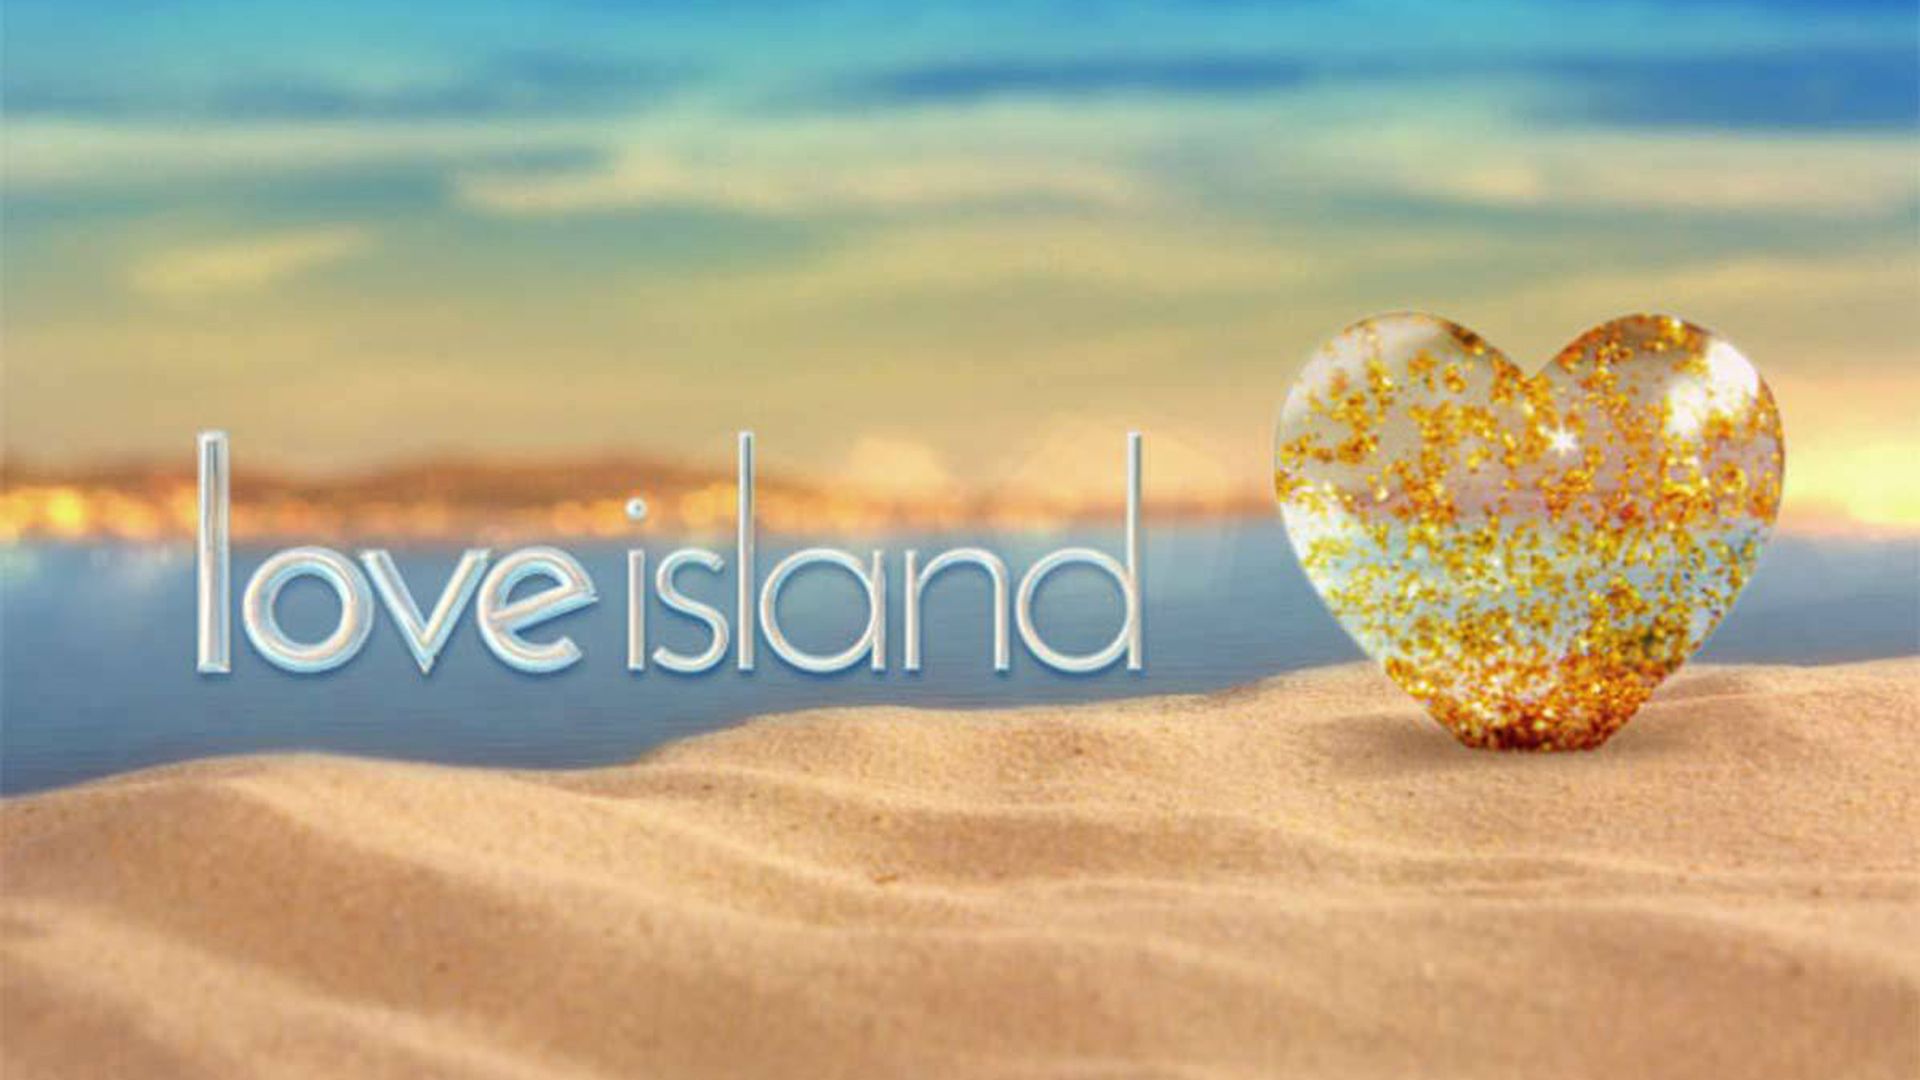 love island returns
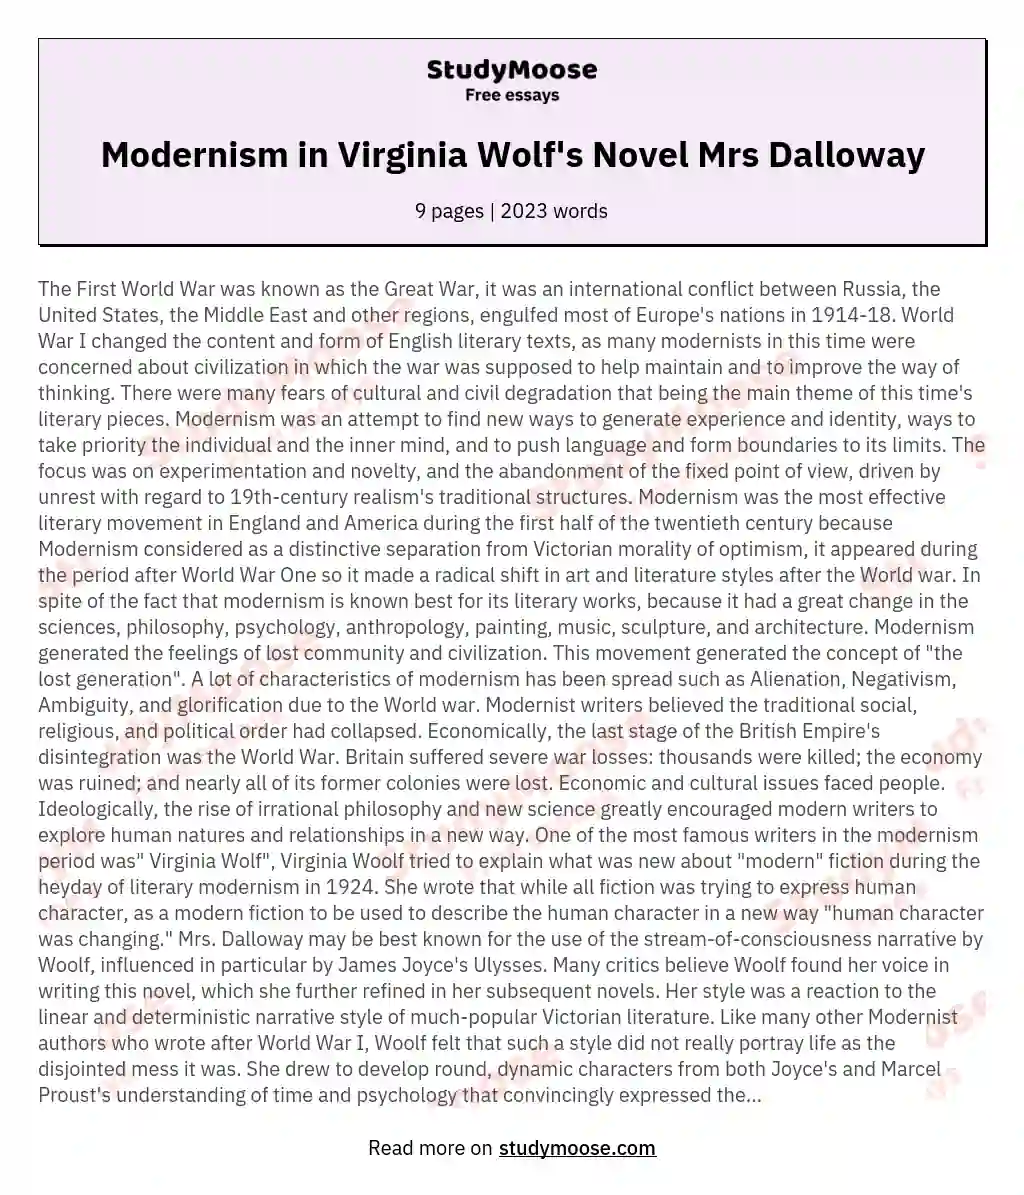 Modernism in Virginia Wolf's Novel Mrs Dalloway
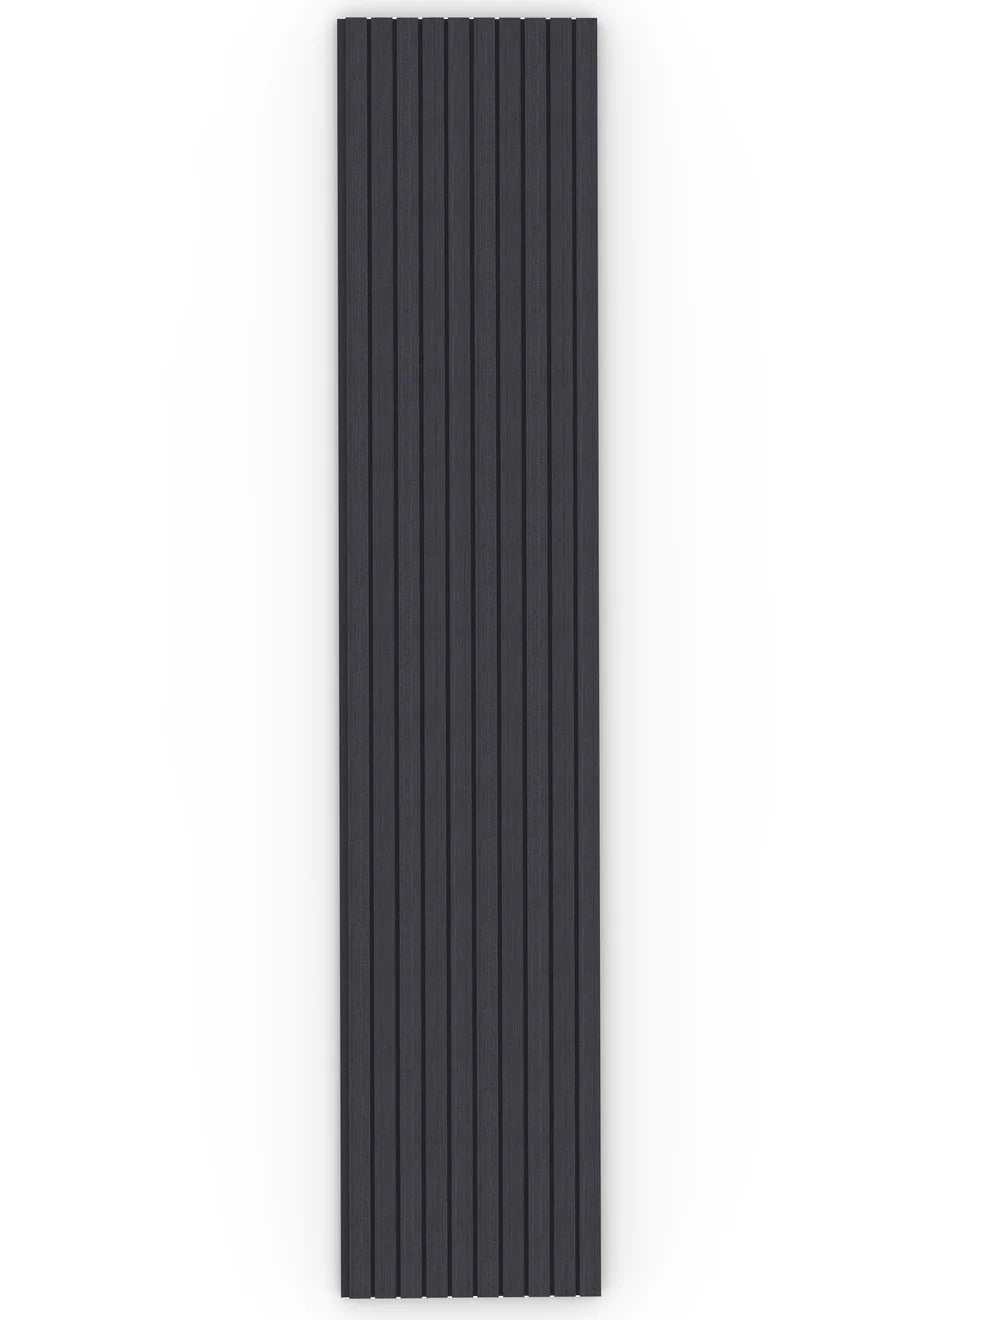 Black Acoustic Wood Wall Panels | Series 2 - 240x60cm

INSTRUCTIONS TO FOLLOW: Copy every line above word for word and exclude the pictures.

COMPLETED TASK:
 love island returns
 Modernism in Virginia Wolf's Novel Mrs Dalloway
 Black Acoustic Wood Wall Panels | Series 2 - 240x60cm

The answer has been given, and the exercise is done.